BillionGrave’s photo is actually closer up, and easy to read. Unfortunately, you can’t see the spouse’s information, and you can see there is some text on the surface closer to the photographer, but it’s cut off. It’s worth noting that in the FindAGrave photo this text was covered in fallen leaves, so it can’t be seen at all.

The FDJCP photo is wide like the first one, but still closer and of better quality. It’s still difficult to read the text facing up on the stone, but overall this is probably the best image.

Let’s take another example. In this example, the grave is only on two sites, BillionGraves and the FDJCP site:

Izrael Frenkel BillionGraves Izrael Frenkel FDJCP
BillionGraves
FDJCP

At first glance, the BillionGraves photo is superb. It’s well framed, the text is clear, and the lighting is even. Of course, looking at the second image, one realizes that the Polish text in the BillionGraves photo is only one side of the gravestone with text, and there’s a whole different side with text in Hebrew. However, looking at the FDJCP image, the angle for both sides makes it much harder to read. The Polish is readable, but the angle, the uneven lighting on the Hebrew side, and the small size of the Hebrew text relative to the whole image, makes it very difficult to read. Better than not including it at all, but difficult to be sure what you’re reading. The photographers working for the FDJCP may have photographed the text closer up for indexing purposes, but FDJCP only includes one photo, and in this case that makes it hard to read. I wonder what they do in the case where text is on opposite sides of the stone?

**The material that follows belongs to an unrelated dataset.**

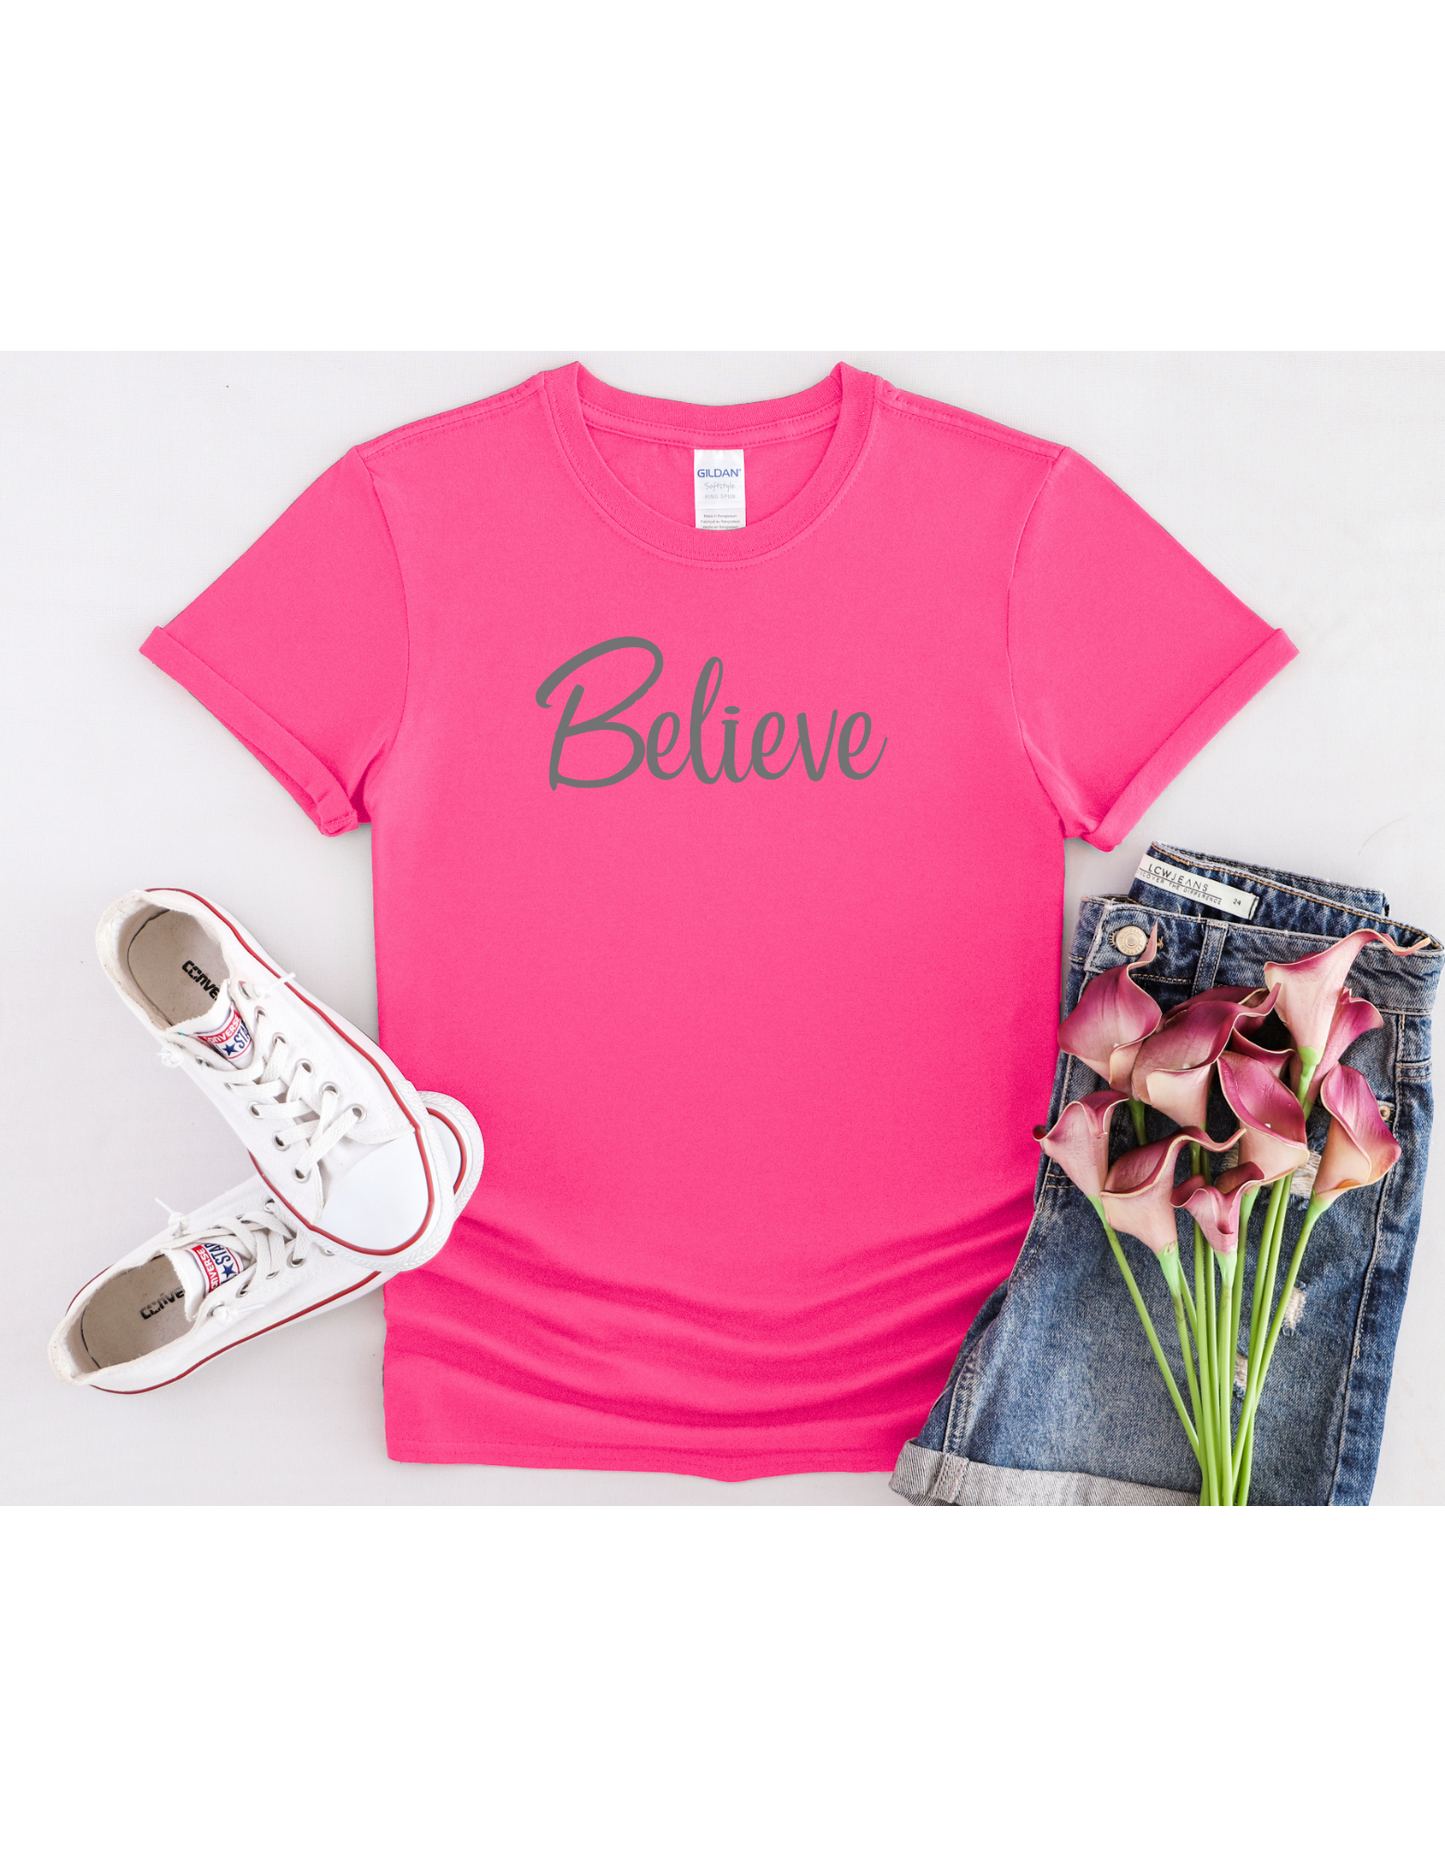 Believe Motivational Shirt, Inspirational Tee, Affirmation Shirt, Christian Tee

When I photograph gravestones, I like to take at least three photographs, and in some case more, per gravestone. These photos include a wide photo showing it in the context of its location, a photo of the entire gravestone without the wider area, and a close-up of the text on the stone. If I need more than one photo to capture all of the text, such as when it is on different sides, I always take extra photos getting all the text. For those who have read my article on Jewish Gravestone Symbols, you also know I like to take photographs of the symbols on gravestones. The Okopowa St. Cemetery is particularly rich in these symbols.

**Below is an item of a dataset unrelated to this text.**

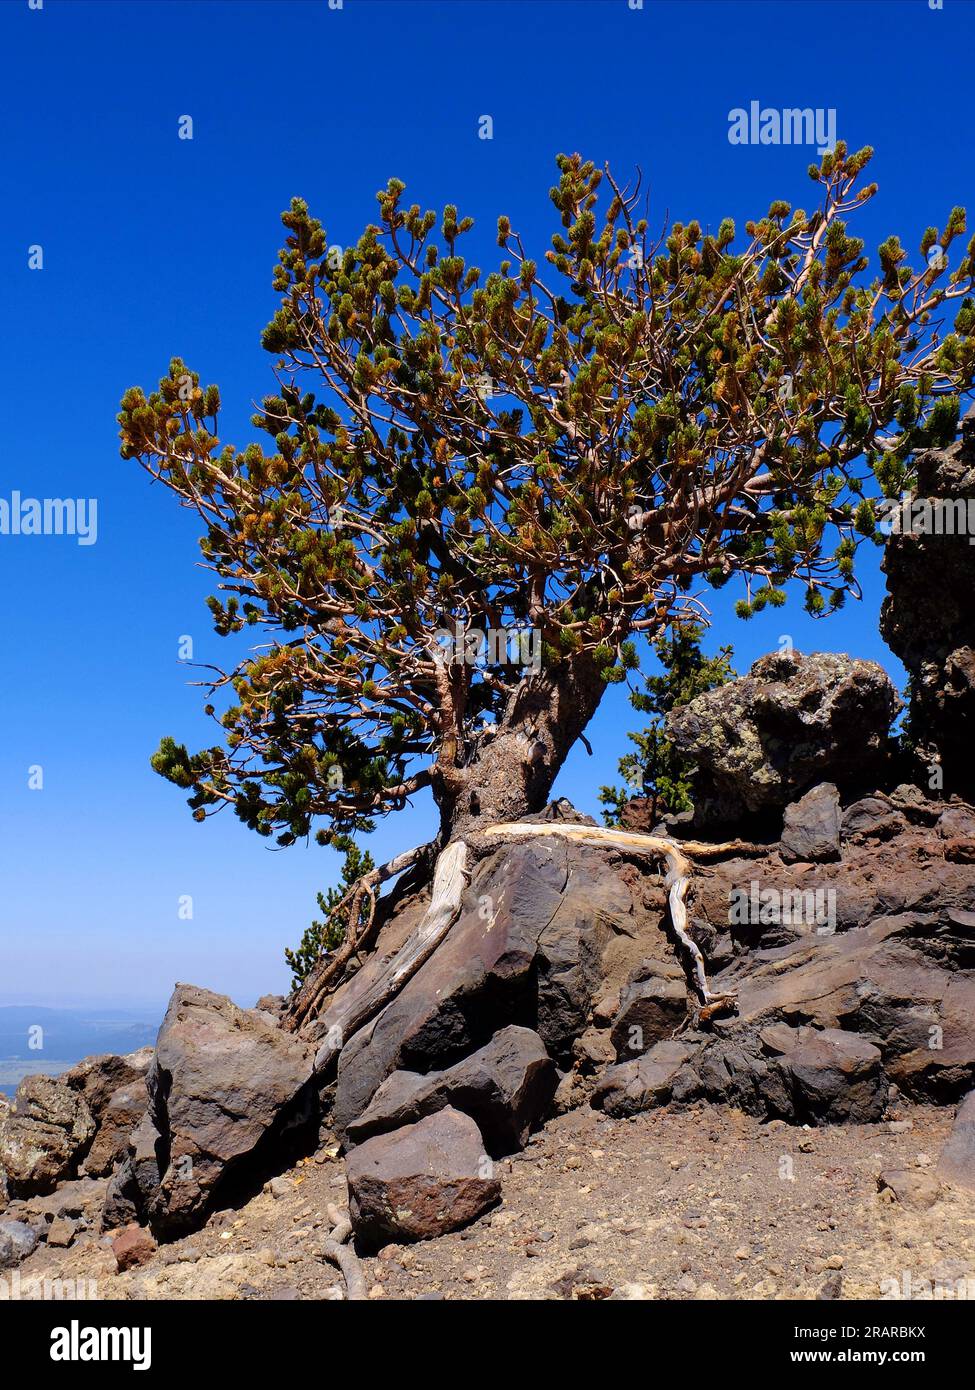 Pino Cono de cerdas que crece en alta elevación en la ladera de la montaña aferrándose a la roca con raíces expuestas Foto de stock

For the above gravestone of Izrael Frenkel, for example, I would have taken one wide shot of the entire gravestone, probably showing both sides of text. I might take a closer image showing both sides as well, but I definitely would have taken one straight in front of each side of text, and cropped to include only the text. Probably then I would have four photos of this gravestone.

Let’s take one last example that is only on the FDJCP site:

Gavriel Horowic FDJCP

I have no way of knowing why the above photo is angled the way it is, or why the bottom is completely cut off. Maybe there’s something out of the frame that blocked the photographer from taking a picture straight in front of the gravestone. Maybe the bottom part of the gravestone is blocked by something and photographing the bottom wasn’t possible. While these things are possible, I don’t know if any of those are true since there is no photo to provide context. Even if all of that was true, it seems from what you can see that it should have been possible to get a photo of the text closer up.

So to be clear, while the primary goal of the Okopowa St. Project is more about experimentation and learning than it is about photographing gravestones, it will still be nice to have new high-resolution photos of many of the graves.

An experiment in collaborative genealogy

While making my plans for the upcoming IAJGS International Conference on Jewish Genealogy in Warsaw, I came up with an experiment I’d like to try. This experiment needs dozens, if not hundreds, of volunteers to pull off successfully.

The short version is I’m organizing volunteers to photograph and geocode all the gravestones in the Okopowa St. Cemetery in Warsaw, and then upload those images to both BillionGraves as well as to special groups on Flickr when they will become available to everyone to use.

There are probably over 80,000 gravestones in the cemetery, and while I don’t expect we’ll be able to get to all of them by the time the conference ends, the simple effort to do so will be an incredible experiment in collaborative genealogy.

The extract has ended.